Restaurant information
- Established: 1990; 36 years ago
- Food type: Italian-American pizzeria
- Location: 1 Front St, Brooklyn, Kings, 11201, United States
- Other locations: Idaho, Nevada, Alabama, Arizona, Florida, Kansas, Kentucky, New York, South Carolina, Texas, Wisconsin
- Website: www.grimaldispizzeria.com

= Grimaldi's Pizzeria =

American pizzeria chain

Grimaldi's Pizzeria is an American pizzeria chain from the New York City area with over 40 restaurants throughout the United States. Its most famous restaurant is under the Brooklyn Bridge in Brooklyn at 1 Front Street, next door to its original location. Zagat Survey rated Grimaldi's the No. 1 Pizzeria in New York in 2007. With a carry-out and delivery service model in response to the COVID-19 pandemic, in 2022 it had 43 restaurants in operation overall. Slices are sold at all locations except Brooklyn and Palazzo locations, which are cooked by coal-fired brick ovens. It also sells wines and appetizers, as well as calzones. Among desserts are cannoli and tiramisu, as well as New York–style cheesecake.

==History==

=== Original ownership (1990–1994) ===
Patsy Grimaldi (1931-2025), the founder of Grimaldi's Pizzeria, learned to make coal-fired pizza at Patsy's Pizzeria, his uncle Patsy Lancieri's restaurant in Italian Harlem. He helped to support his family by working at the restaurant after his father died when he was 12, working his way up from busboy to coal oven apprentice, to waiter. Decades later, at age 57, Grimaldi decided to go into business for himself after noticing that an abandoned hardware store in Brooklyn was available to rent.

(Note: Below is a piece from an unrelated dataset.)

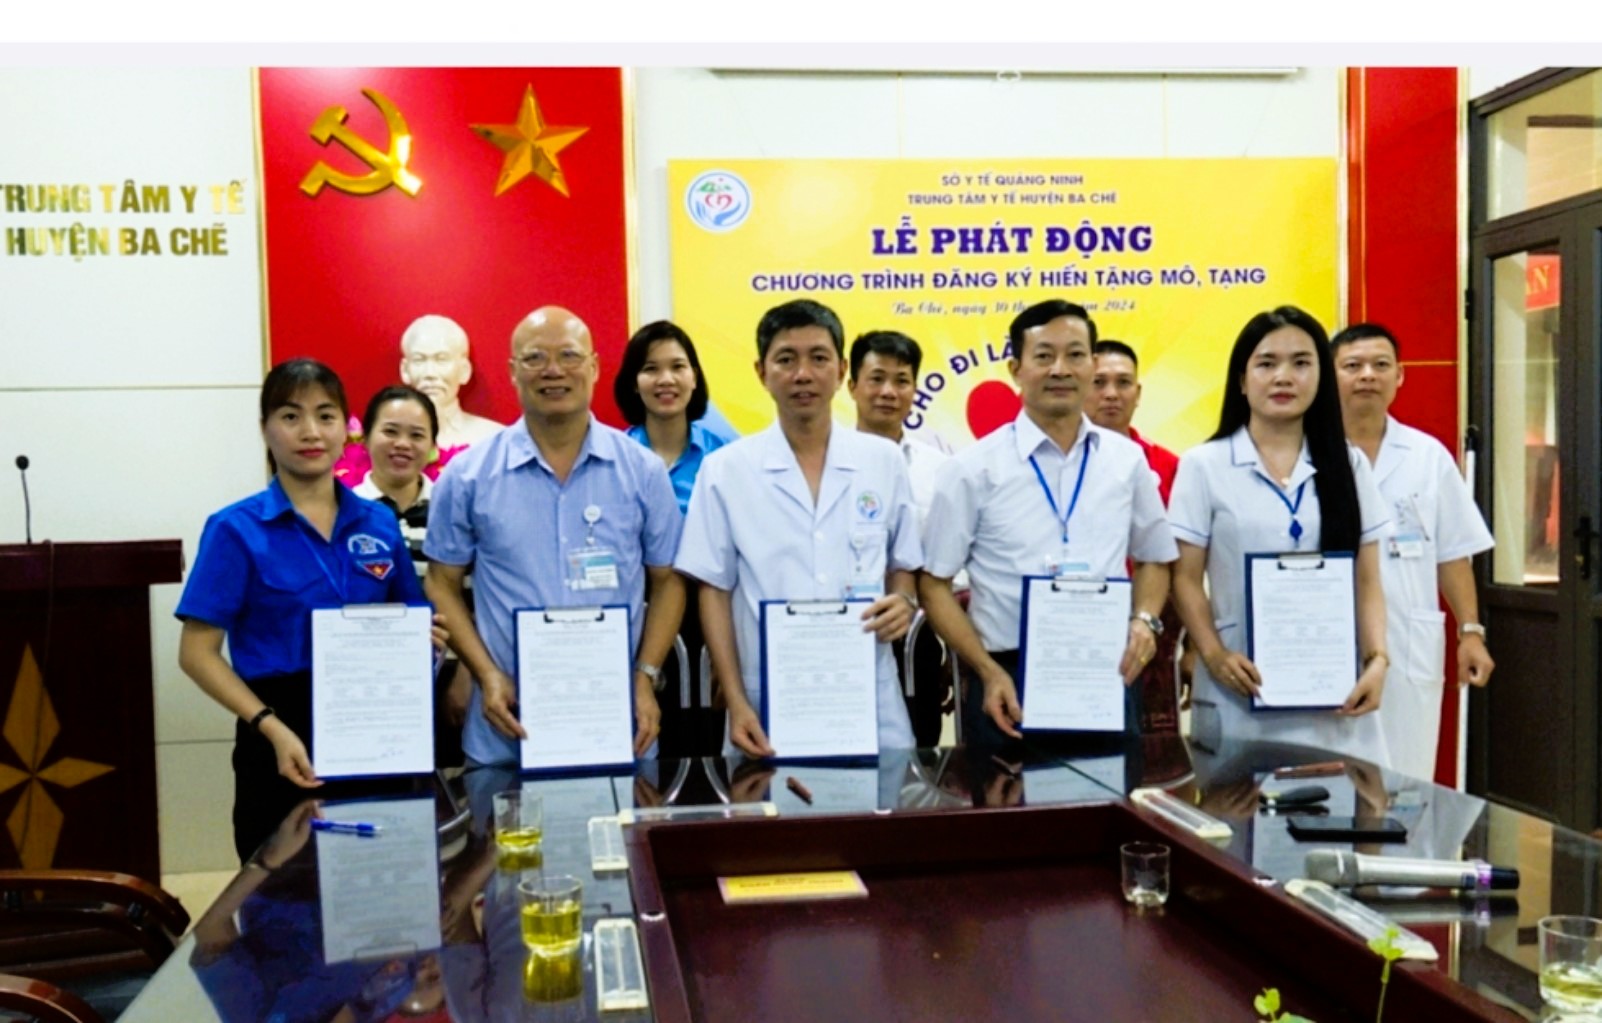  Cán bộ, nhân viên y tế Quảng Ninh đăng ký hiến mô, tạng cứu người- Ảnh 5.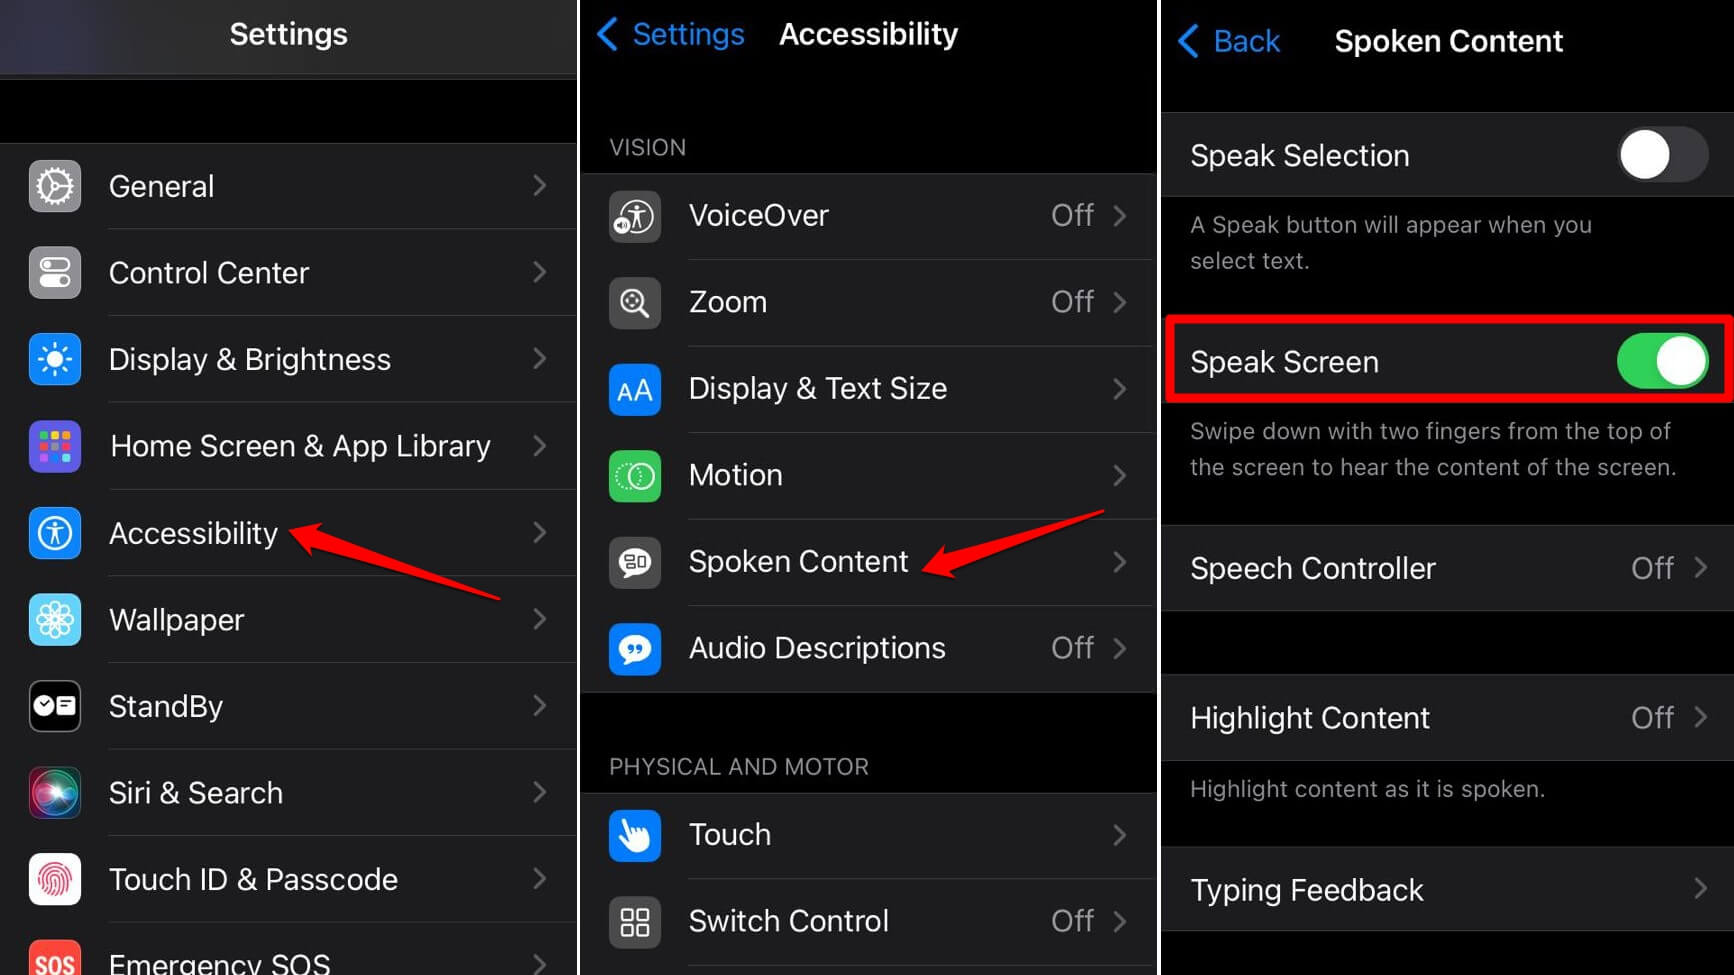 enable speak screen on iPhone

Grimaldi opened Grimaldi's Pizzeria in Brooklyn, New York, in 1990, in a location under the Brooklyn Bridge, at 19 Old Fulton Street in Brooklyn. It was named Patsy's Pizzeria, unassociated with the Patsy's Pizzeria in East Harlem where Grimaldi had previously worked as a teenager. Only selling pies, not slices, it became popular and expanded into Hoboken. It expanded to have two locations in New Jersey: both operated by Patsy Grimaldi's business partner Sean McHugh, in Hoboken and Verona, New Jersey. It became known for having lines around the block for people waiting to order. A jukebox played Frank Sinatra.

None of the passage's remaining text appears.